3. Key functions in plain language

Summary. Seven internal jobs make the bot work. Each one gets a sequence diagram showing what calls what, a ≤50-word summary, and a step-by-step explanation. An eighth subsection makes explicit what is stored vs what is live-only.

3.1 Profile construction

sequenceDiagram
    autonumber
    participant U as User
    participant API as 3a. /api/chat
    participant B as 3b. LLM Brain
    participant T as save_profile_field tool
    participant S as 3d. session_state
    U->>API: typed / spoken reply
    API->>B: handle_turn(text, profile)
    B->>T: save_profile_field("age", 32)
    T->>S: session.profile.age = 32
    S-->>T: ok
    T-->>B: saved
    B-->>API: next question (or proceed to scoring + pricing)

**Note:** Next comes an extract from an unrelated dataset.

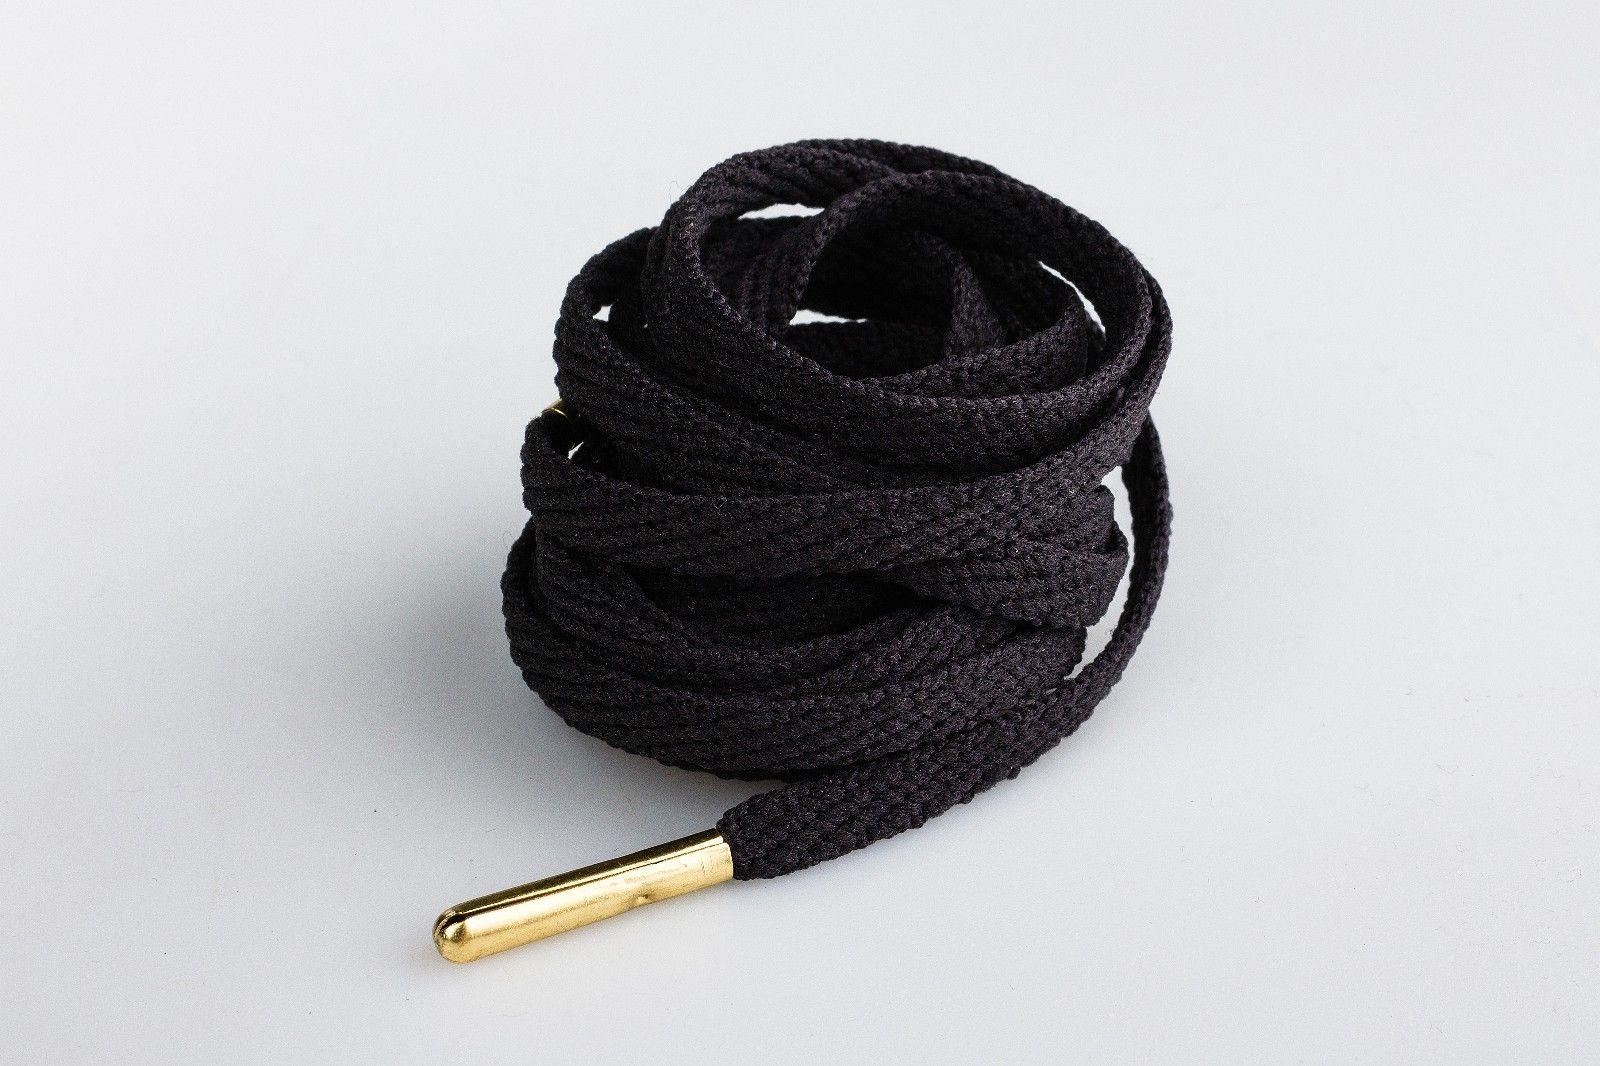 Skinnies Black Gold Tip- זוג שרוכים צרים בצבע שחור עם אגלט בצבע זהב
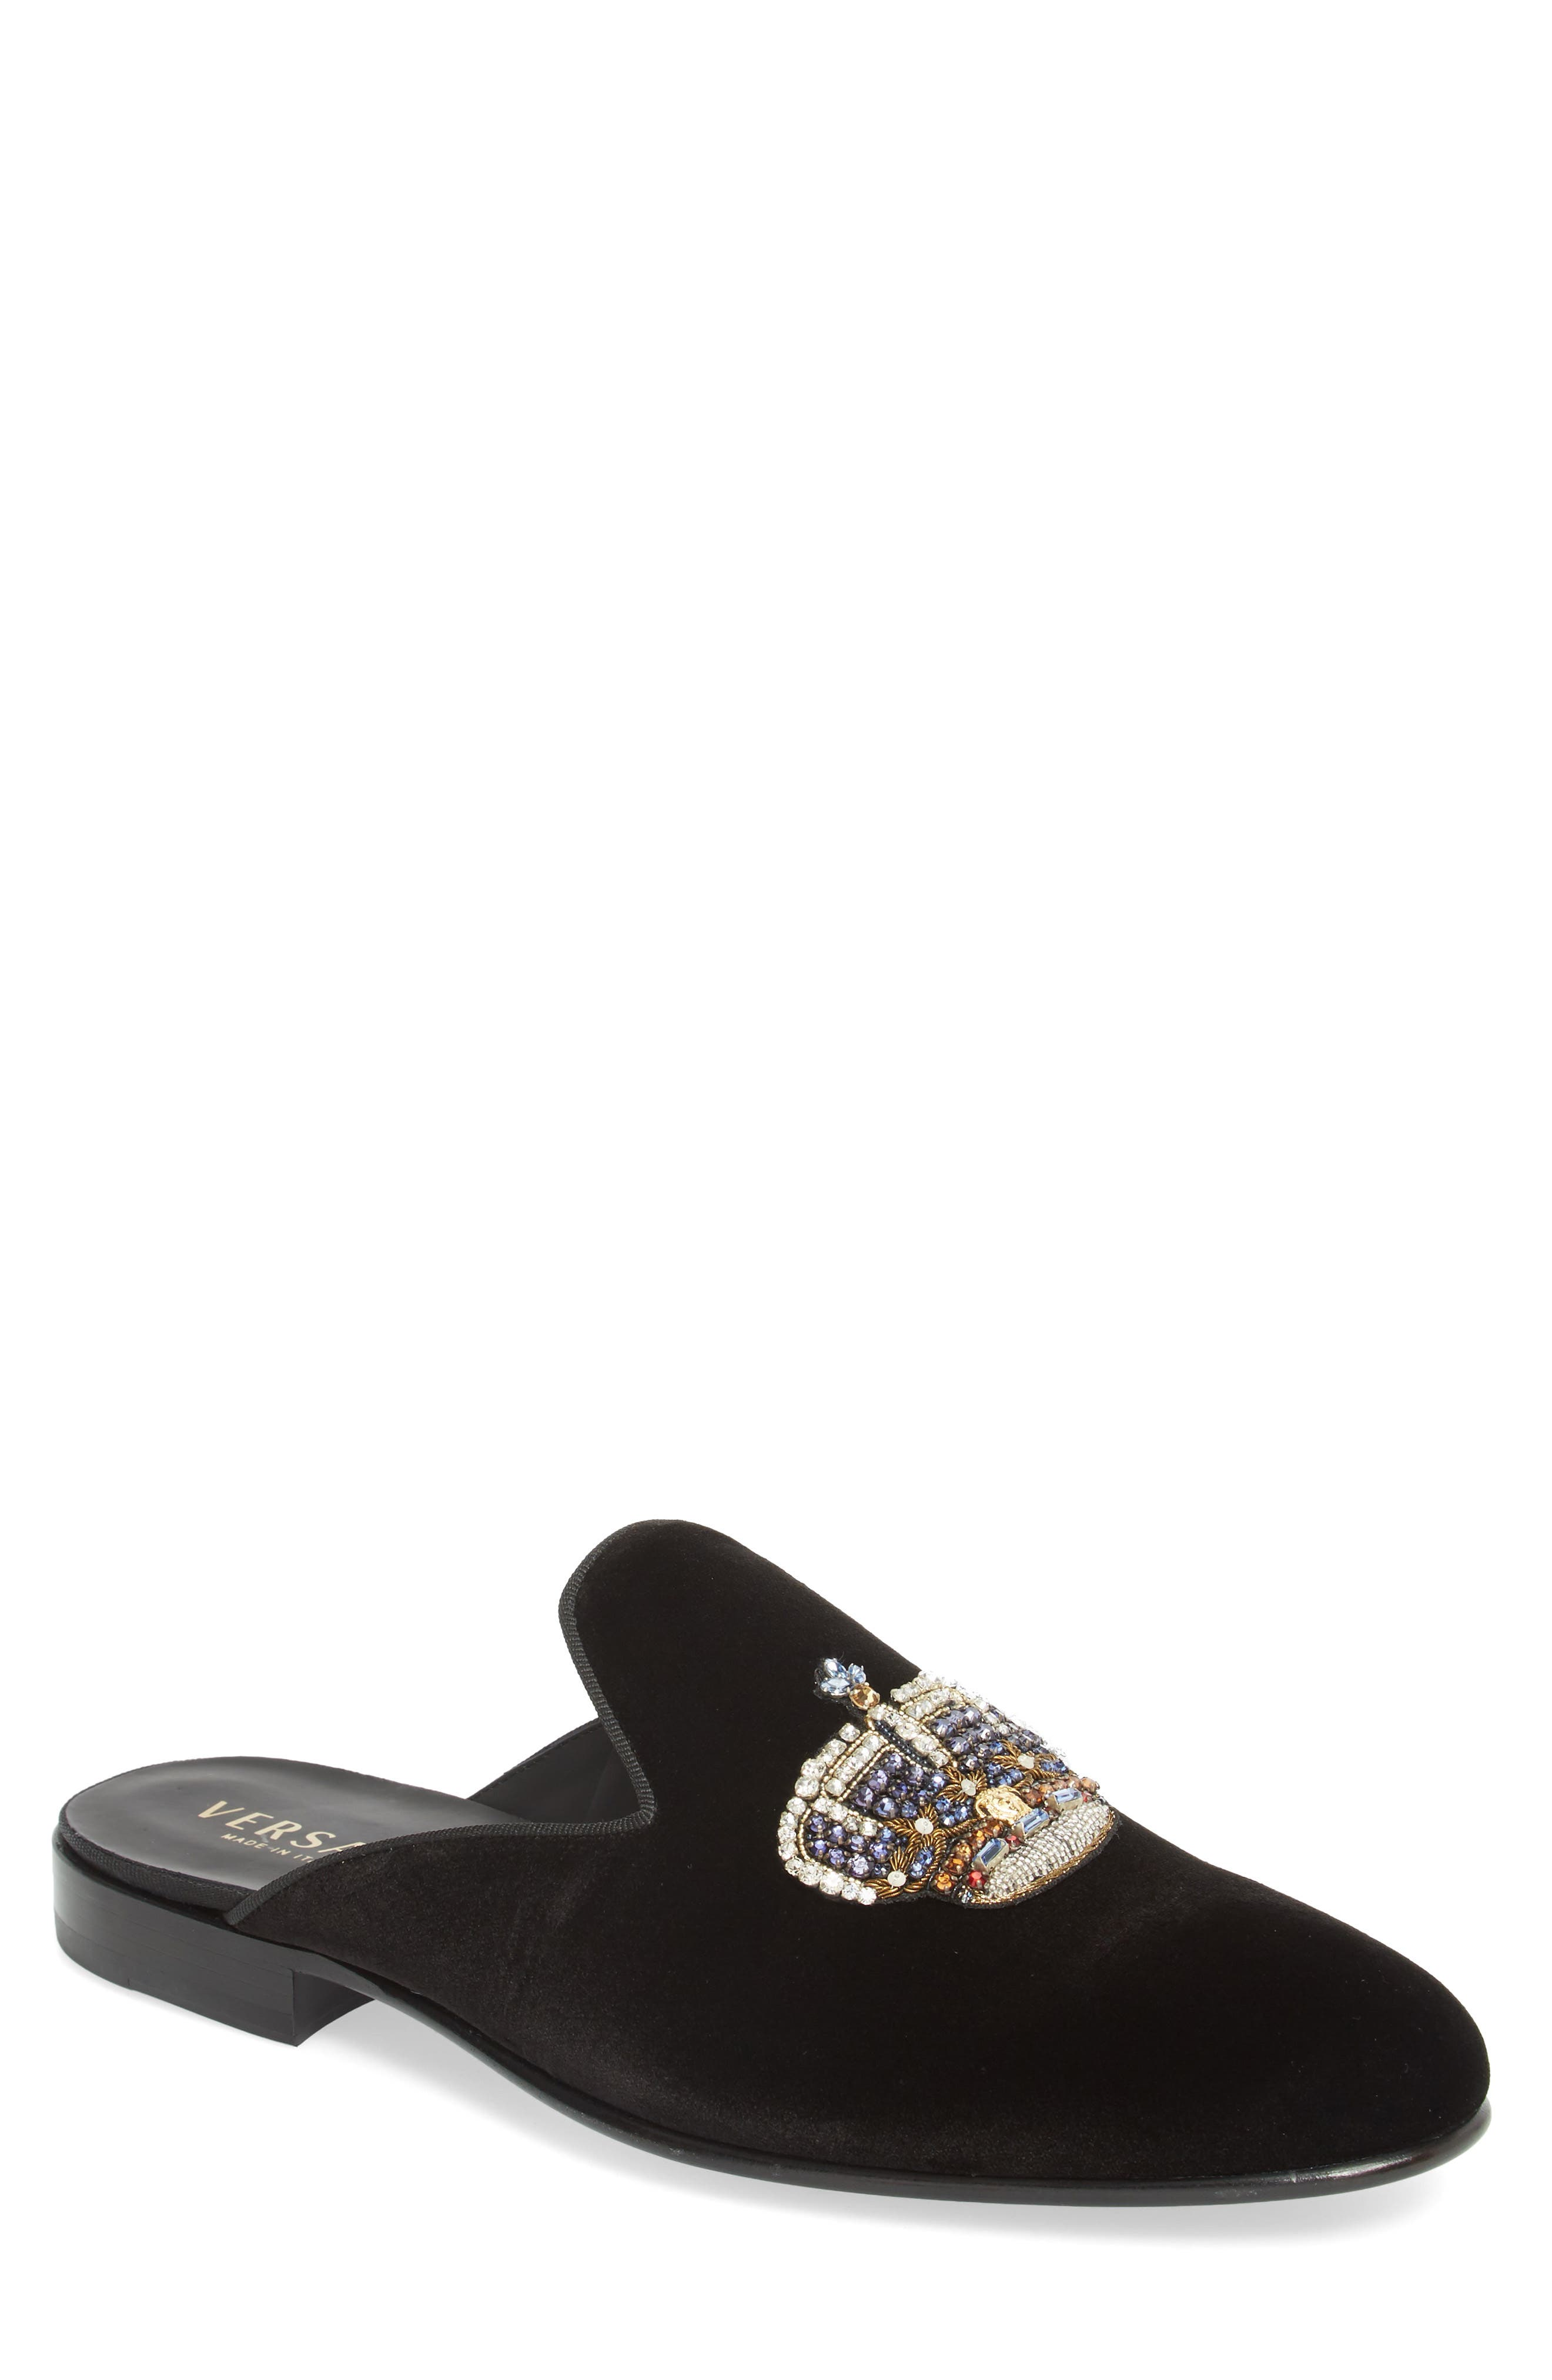 Gianni Embellished Crown Loafer Mule,                             Main thumbnail 1, color,                             Black Warm Gold

Summary. Every user reply runs the brain, which extracts one fact at a time and saves it via the save_profile_field tool into the live session_state.profile. No regex, no separate extractor model — extraction is a tool call.

How it flows:

User reply arrives at /api/chat (typed text or post-STT transcript).
Brain runs. handle_turn calls Gemini with the reply + the current profile + the tool schema.
Tool call. When Gemini decides a fact is captured, it calls save_profile_field(field, value) — one call per fact.
Write. The tool sets the field on session.profile (in memory). All fact-find captures are concentrated here; there is no second LLM pass.
Continue. Brain returns the next question, or — if the profile is complete enough — proceeds to scoring + pricing.
Persistence is later. End-of-turn, the whole profile is auto-persisted to disk by the orchestrator (see §3.6).

3.2 Profile-aware scoring

sequenceDiagram
    autonumber
    participant API as 3a. /api/scorecard
    participant SC as 3c. scorecard.py
    participant J as 4. policy_facts JSON
    participant R as 4. reviews JSON
    participant P as 3d. session.profile
    API->>SC: build_scorecard(policy_id, profile)
    SC->>J: read curated facts (CSR, room-rent, waitings)
    SC->>R: read insurer reviews
    SC->>P: read live profile (age, family, conditions)
    SC->>SC: 6 sub-scores → letter grade + personalised summary
    SC-->>API: grade · sub-scores · summary

Summary. Scoring grades every policy for this user — same policy, two users, two grades. Six sub-scores roll up into a letter, with a personalised one-line summary naming the strengths for this profile and the one honest caveat.

How it flows:

Trigger. Brain (or /api/scorecard directly) asks for a per-policy grade.
Three reads. scorecard.py reads (a) the policy's policy_facts JSON, (b) the insurer's reviews JSON, and (c) the live profile from session_state.
Six sub-scores. Coverage · predictability · claims · network · renewal · terms — each weighted against this profile (e.g. a smoker is penalised more in pricing predictability; an elder is penalised more in waiting-period structure).
Letter grade + summary. A grade band (A–E) and a one-line summary listing this user's top strengths and the one capping caveat.
Live, not stored. Recomputed per request. Storage would be wrong here — the grade depends on who is asking.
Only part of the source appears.